==== RECORDS ====

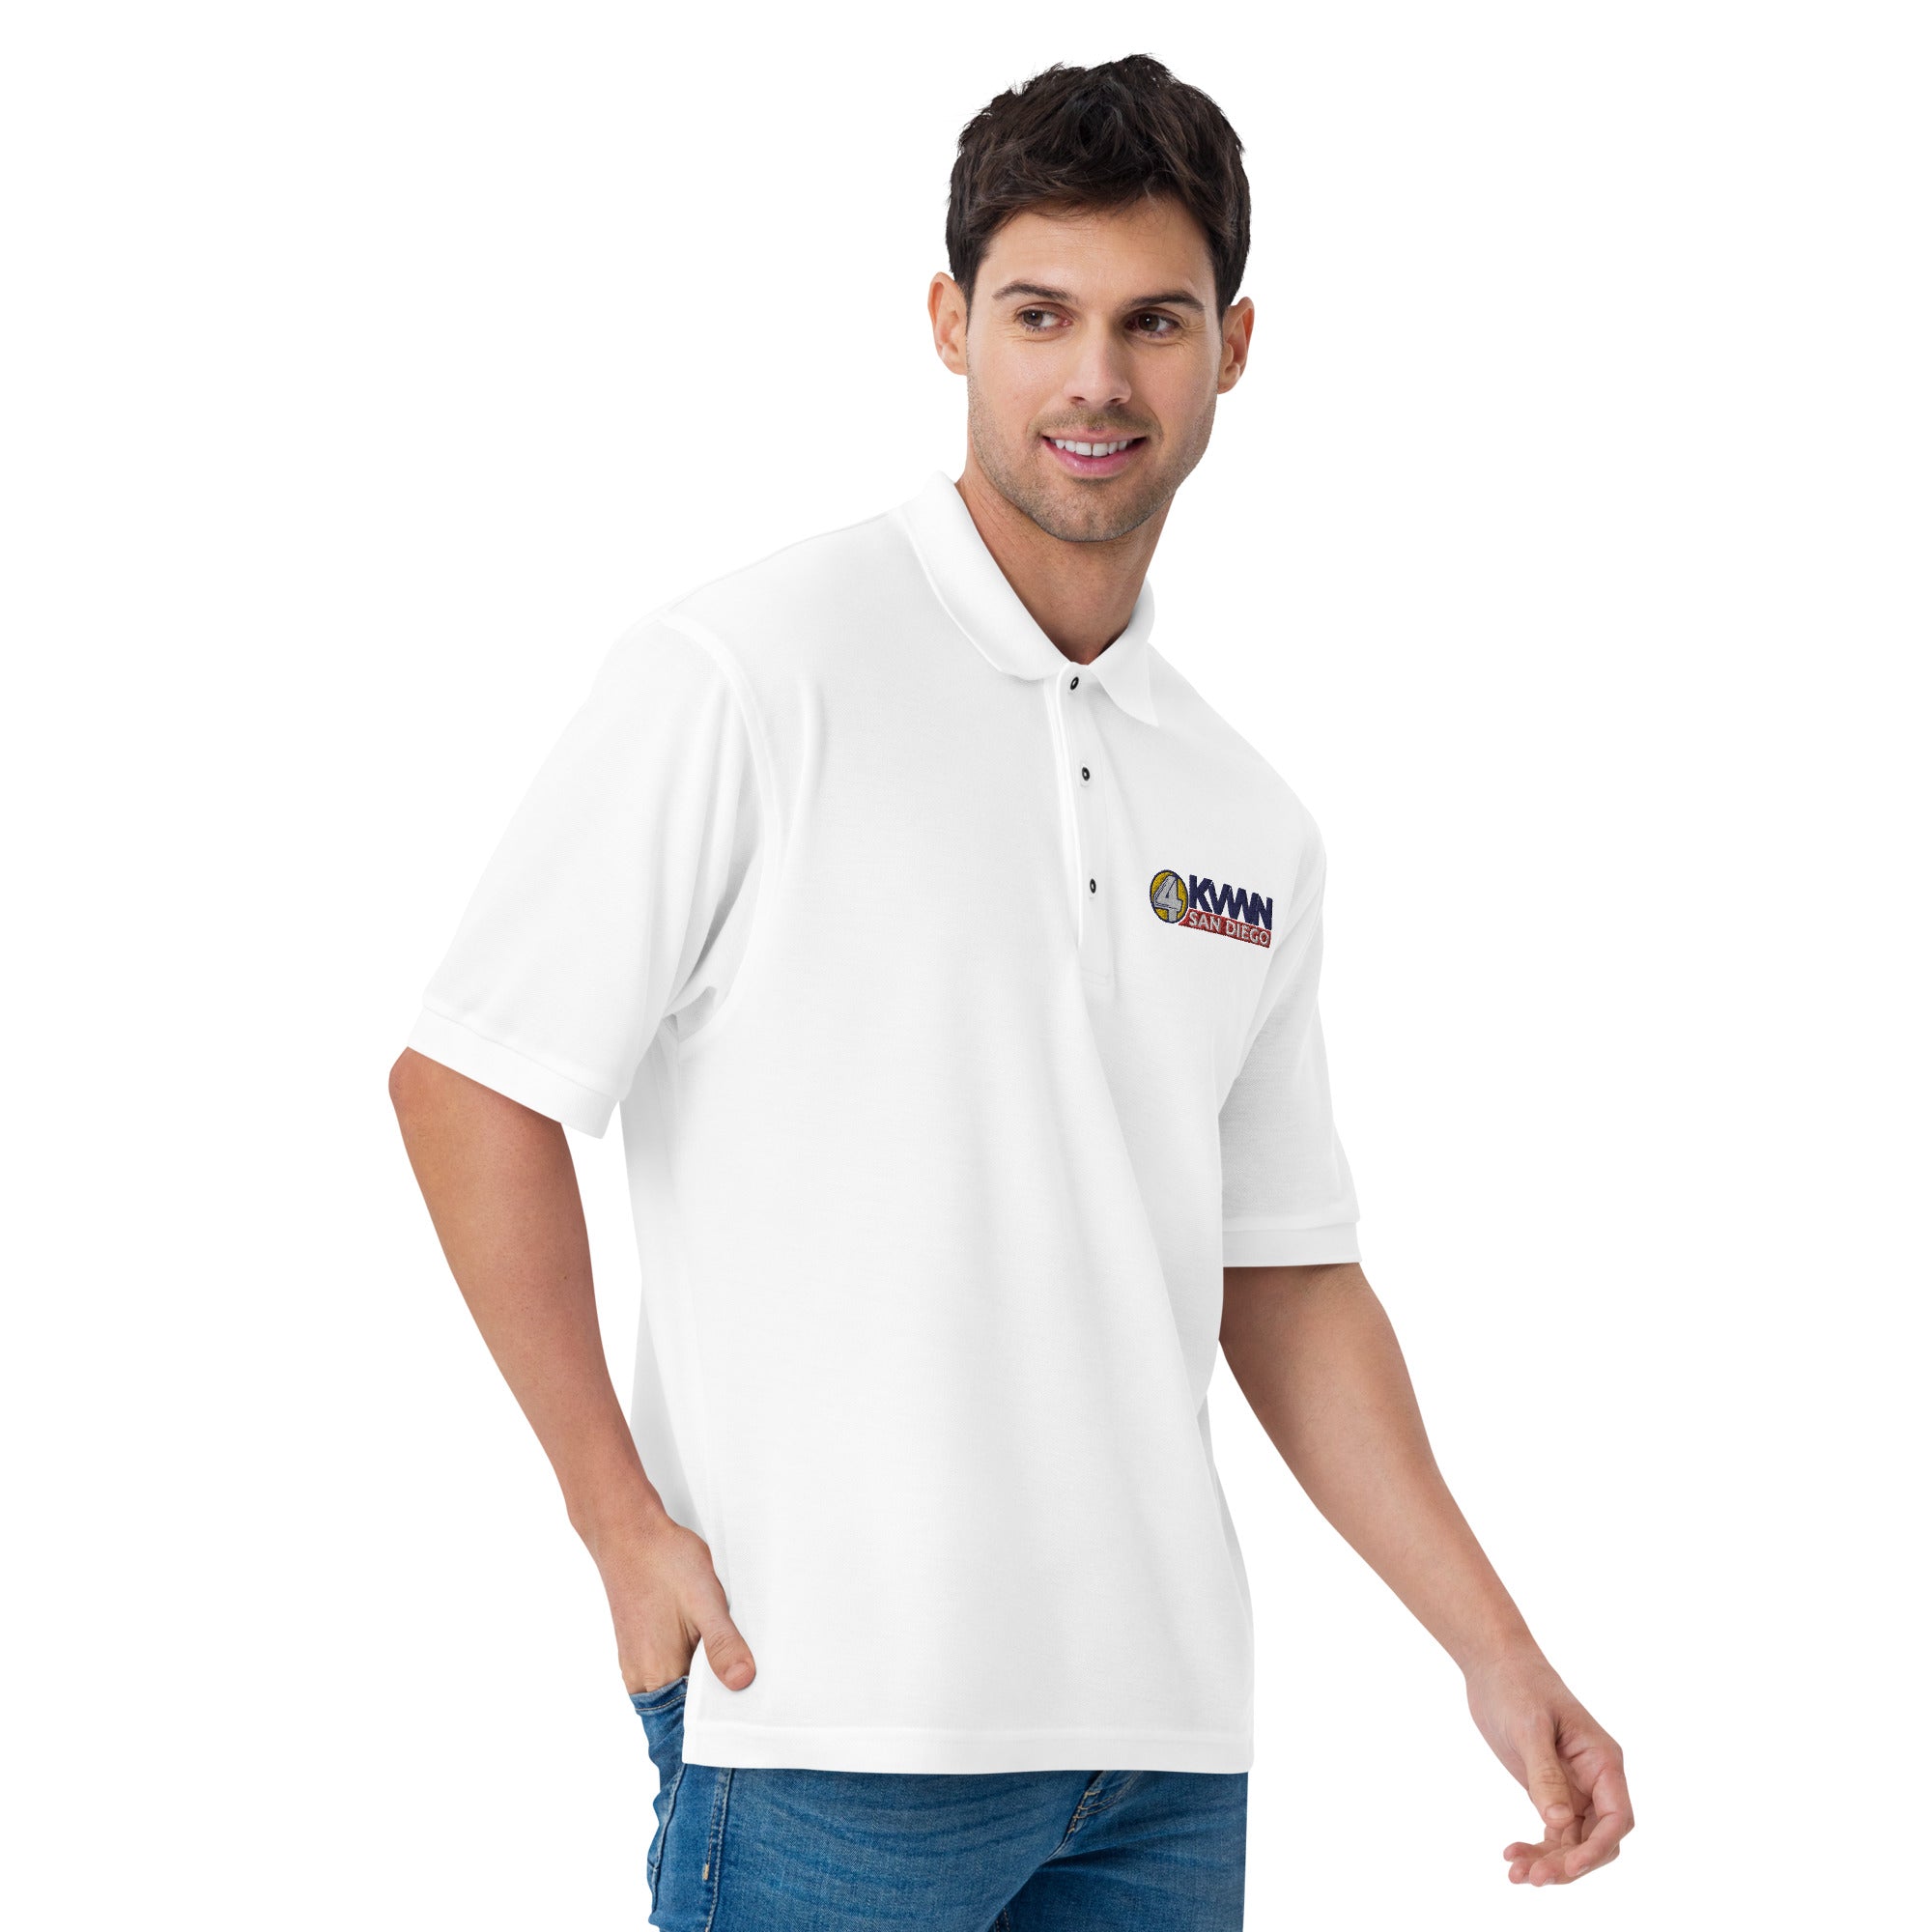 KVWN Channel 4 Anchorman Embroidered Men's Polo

====
==== RECORDS ====

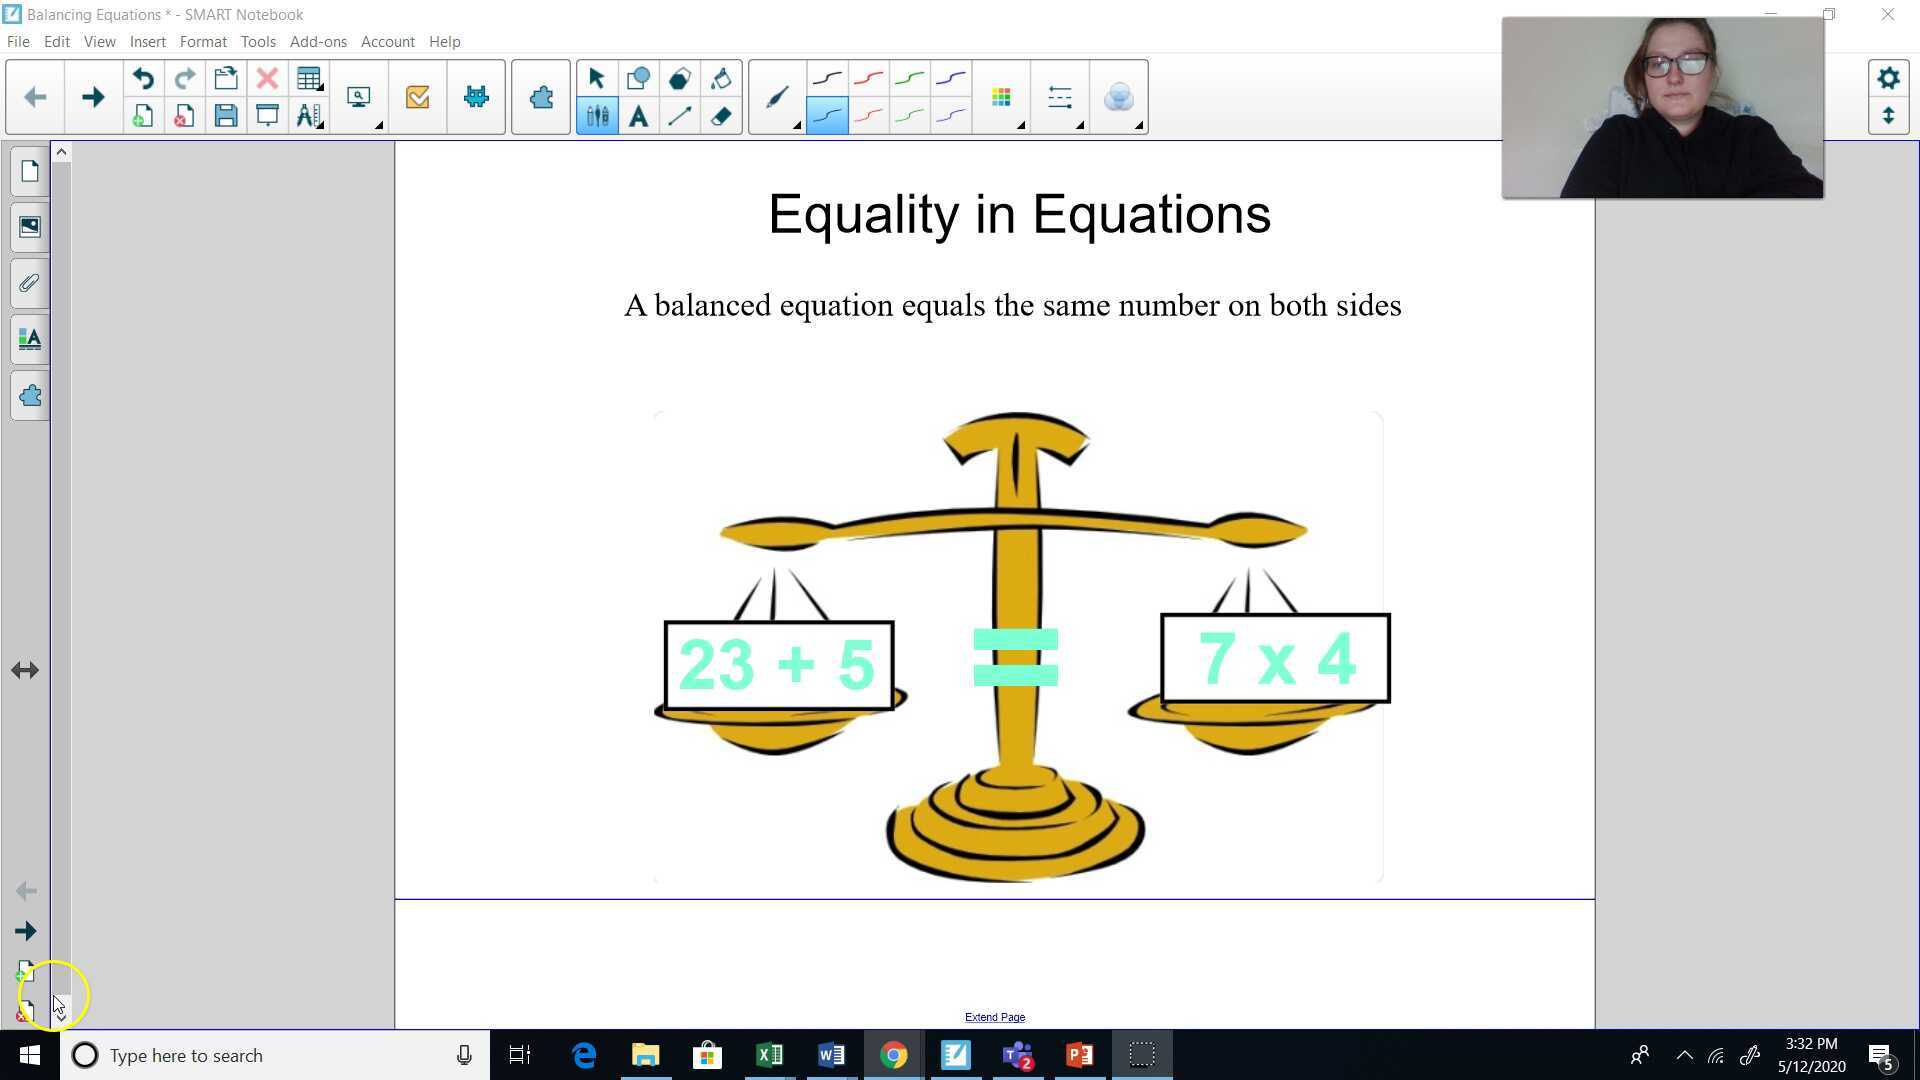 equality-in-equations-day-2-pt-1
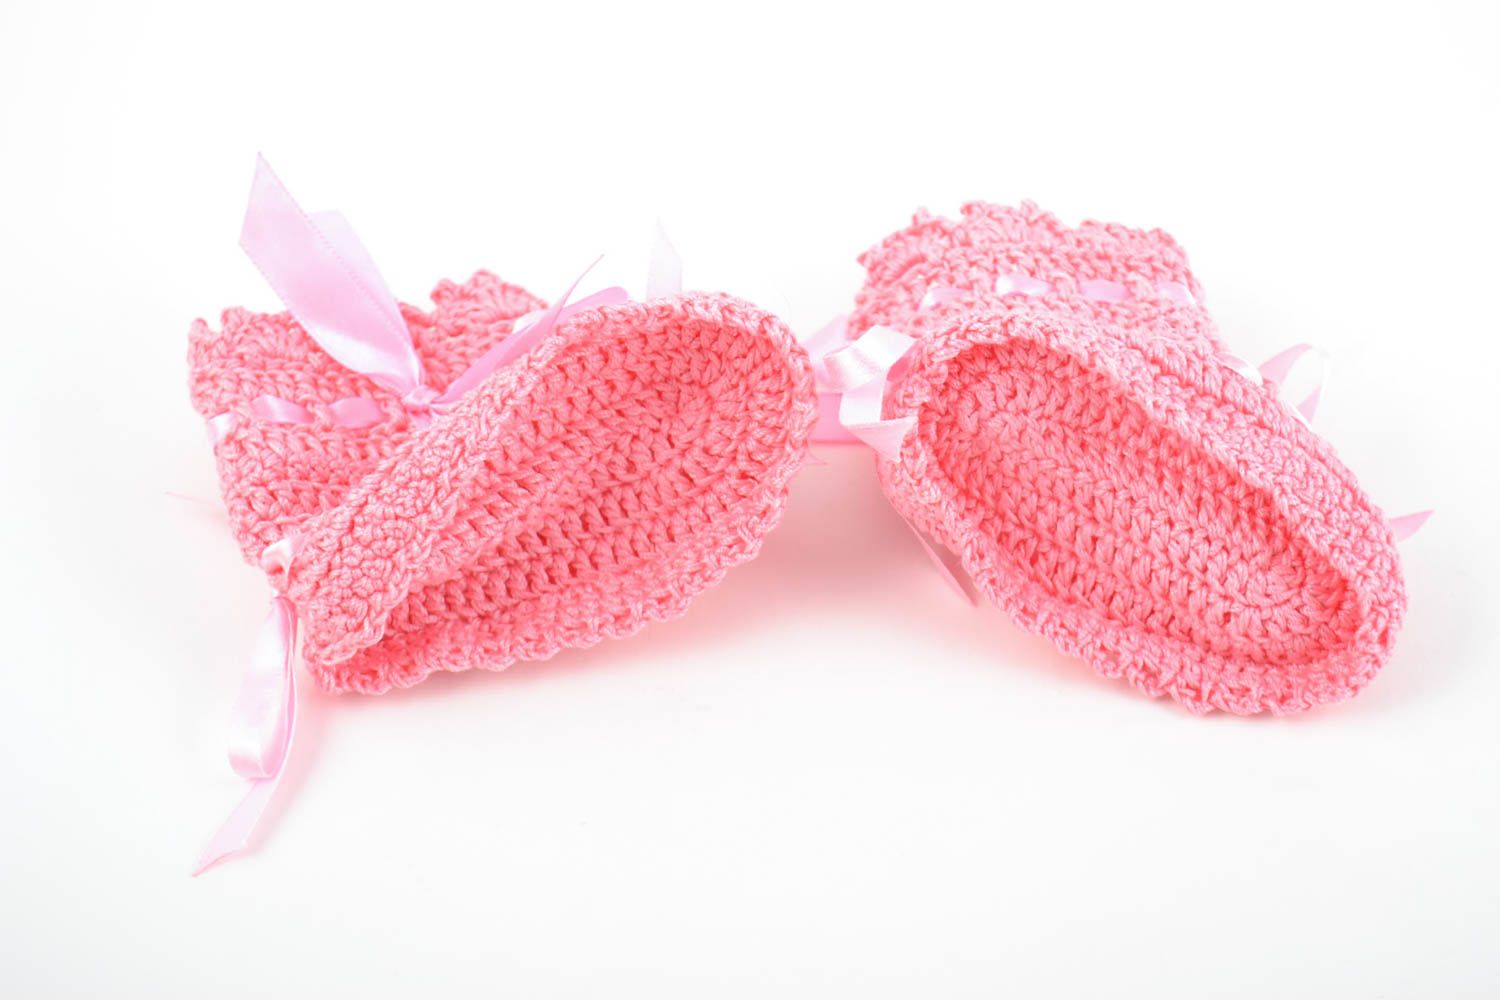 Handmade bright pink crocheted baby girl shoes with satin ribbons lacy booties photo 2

====

◆ ABOUT THIS TASK ◆
Return exactly the lines of the material above, starting at the line containing "equality-in-equations-day-2-pt-1" and finishing at the line containing "Handmade bright pink", without any pictures.

◆ EXERCISE ANSWER ◆
 equality-in-equations-day-2-pt-1
 Handmade bright pink crocheted baby girl shoes with satin ribbons lacy booties photo 2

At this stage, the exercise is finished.